WOW, Thanks for all the pics and info! I fully agree with what your saying. Not my frogs, I was just traveling between two friends who had a trade going. I'm just stuck in the middle. Honestly, I'm ashamed of the fact that I cant bring anything more intelligent to this forum than this. For that I apologize. Hopfully your informative post puts the topic to rest. Thanks again Mike!
Jerry


----------



## jerry b

oops, their trade was intermedius for intermedius. I paid no mind till I got home with them and said woah! these are not imi's. I called the two and said these are tarapota and was told no they are not. They look like no tarapota I've ever seen. They were then taken to the chicago gathering for opinions by one of the froggers and all of the froggers there said they were hybrids and agreed that they looked like no known tarapota they had ever seen. So I brought it here. Sorry for the gossip bs and again I hope this settles the matter.
Jerry


----------



## Jordan77

heres the other one that was with the one jerry posted=)


----------



## Jordan77

sorry here it is


----------



## Corpus Callosum

All the adults/parents (two of which are in the last 2 photos) from my 2 pairs came direct from Tor Linbo (but may have passed through a few other hands along the way..) and were labeled from the source as "Tarapoto" imitator.

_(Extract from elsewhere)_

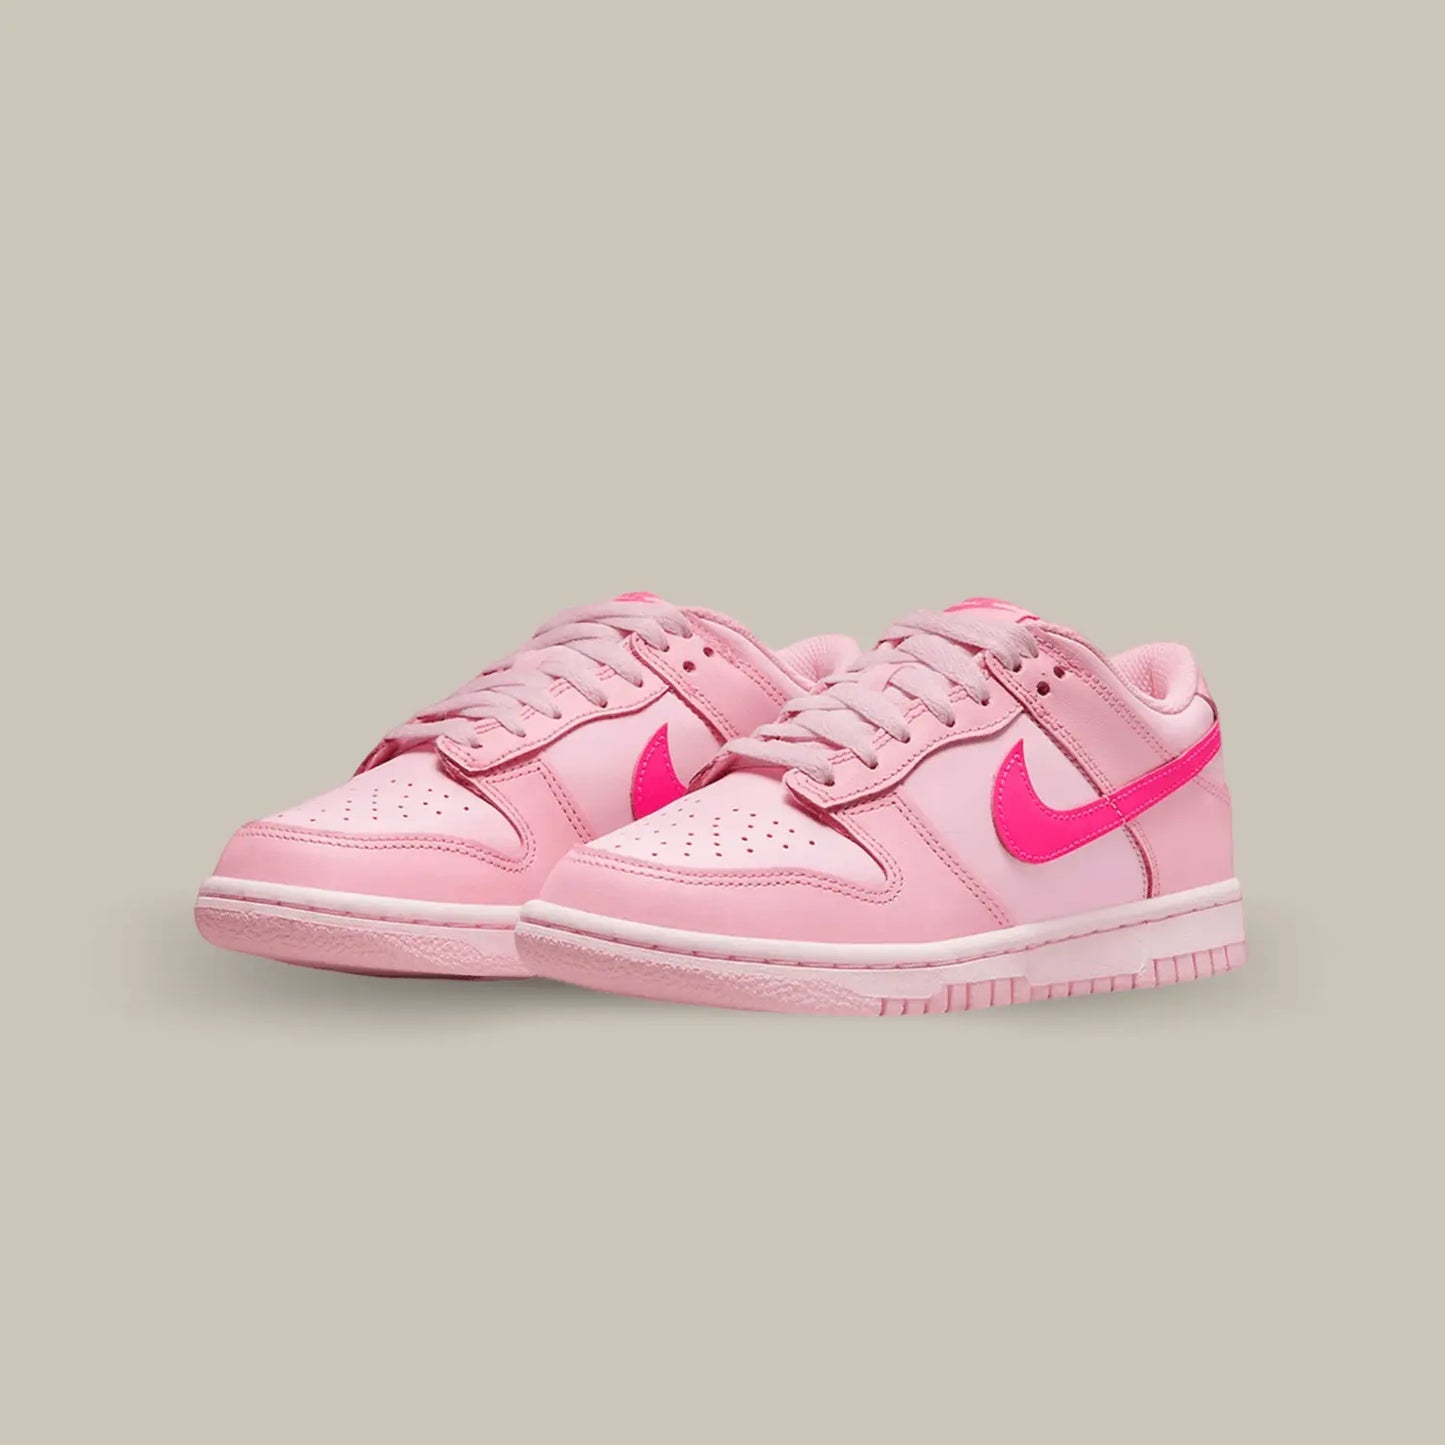 La Nike Dunk Low Triple Pink est une sneaker emblématique qui incarne l'équilibre parfait entre le style rétro et la modernité. Cette chaussure audacieuse présente une palette de couleurs captivante qui saura attirer tous les regards. Arborant un design classique de la silhouette Dunk Low, cette version Triple Pink ajoute une touche de fraîcheur et de féminité à votre garde-robe.

I'm not saying that I know what yours are because I am not bold enough to try and identify something by appearance, I would just try to find the original source where your frogs came from and talk to them.

Do you know if both the frogs were siblings from the same parents or came from different ones?


----------



## Jordan77

i mean look at the two frogs now they look completly different im so confused


----------



## Ziggi

Don't care if they are hybrids or not, those are one of the most beautiful frogs I've seen in a while. But myself I don't think it's a hybrid.


----------



## UmbraSprite

I have a line of intermedius (I believe Phil Tann but would need to check) which often put out these yellow colored animals. I wouldn't assume a hybrid just because there is morphological variation.

Chris


----------



## hexentanz

I vote non hybrid.


----------



## jerry b

Didnt think so but when a group of respected froggers look at a frog and say hybrid I wanted second opinions for sure. Anybody have a pic of one that is similiar to the one Jordan posted? 
Thanks for the input all,
Jerry


----------



## Corpus Callosum

Jordan's picture "looks" like other intermedius in the hobby, while yours "looks" a bit different (why I was wondering if they came from the same parents or not).. but what are looks worth? Anyway, what we're getting at is that no picture identification is going to give you any guarantee that it is or isn't a hybrid. I only posted my pics to give a frame of reference, not for identification. Let us know if you find anything out from which line the frogs originally came from.


----------



## Philsuma

You should be able to trace your frog back from the person you got it from........


----------



## SmackoftheGods

You should do what Corpus Callosum suggests. You need to contact the breeder and ask what line of frogs they are, get generational information if at all possible (probably not, but it's worth a shot). You can ask where the breeder got the parents and from there you can contact _that_ breeder if it's still debatable. 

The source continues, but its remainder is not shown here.